Gun-totin', Chronic-smokin' Hearse Initiator (ludickid) wrote,
Gun-totin', Chronic-smokin' Hearse Initiator
ludickid

And now it's time for another exciting installment of OPEN LETTERS!

Dear my employer,

I greatly enjoy working for this company, and I understand that I am not as well-versed in the editorial style that you have certified as best suited to serve the needs of the ELL high school students at whom the current project is directed. However, I cannot imagine any circumstance under which sentence fragments should be permitted in the text, and the headline "Learn Comprehension: Learn Comprehension" contains at least two words too many.

editorially yours,
Leonard

***

Dear porn-spam solicitor,

Despite your apparent belief to the contrary, "SWEET TEEN GIRL TAKES IN 8 DICKS AT ONCE -- YOU WILL BE DELIGHTED" is not an enticing subject line to me. "Delighted" is about as far from my likely reaction to seeing such a thing as can be imagined.

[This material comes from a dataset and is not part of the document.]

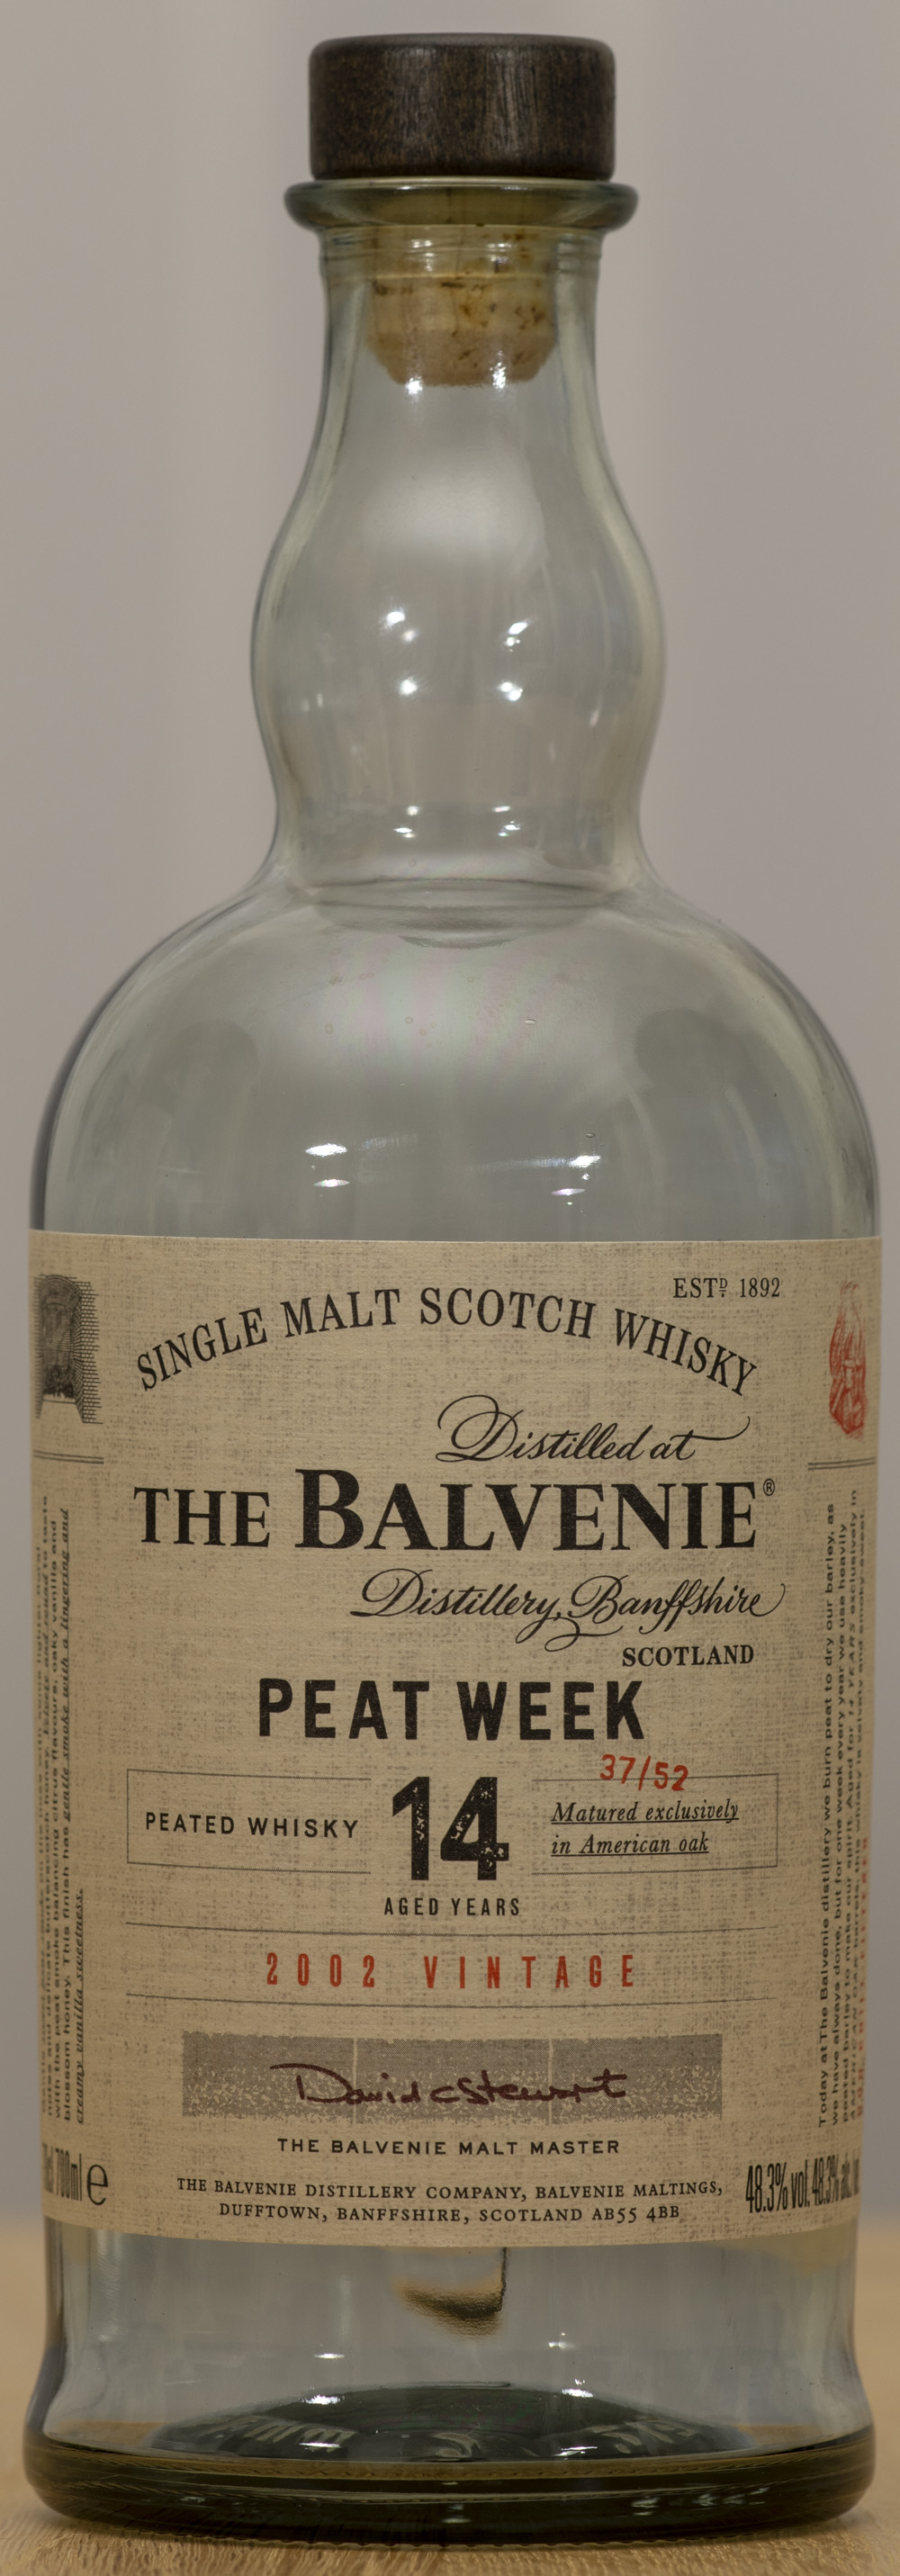 Billede: PHC_1555 - Balvenie Peet Week - bottle front.jpg

I am, however, somewhat intrigued by the logistics of the set-up. Assuming that, despite her sweet teen status, she can fit two dicks each into her anus, vagina and mouth, that still leaves open the question of where the other two go. My guess is one in each hand, because the alternatives -- in the ears? the nostrils? is she a stigmatic? -- are too horrible to contemplate.

Let it be known that I still have no intention of clicking on your link. However, you will surely be interested to know that you have hit upon a sort of 'magic number' of gross pornography that slightly piqued my interest. If you'd added just one more dick, you might have received some special prize in mathematics.

In frank amazement,
Leonard

***

Dear woman ahead of me in line at Subway,

Your expression of happy surprise at learning that this Subway location sells personal pizzas was enjoyable; you were so excited that I was temporarily blinded (or whatever the olfactory equivalent of blindness is) to the fact that I have rarely encountered a white woman wearing so much Jheri-curl activator juice. And your selection of bacon, spinach and pineapple as toppings certainly covered all the bases, flavorwise.

However, your sudden mood-shift from ecstatic over the availability of personal pizzas to angry over the unavailability of bread sticks spoke of a yearning need no fast food product can address. Please stop yelling at the underpaid counter help and begin yelling at your psychiatrist and/or pharmacist.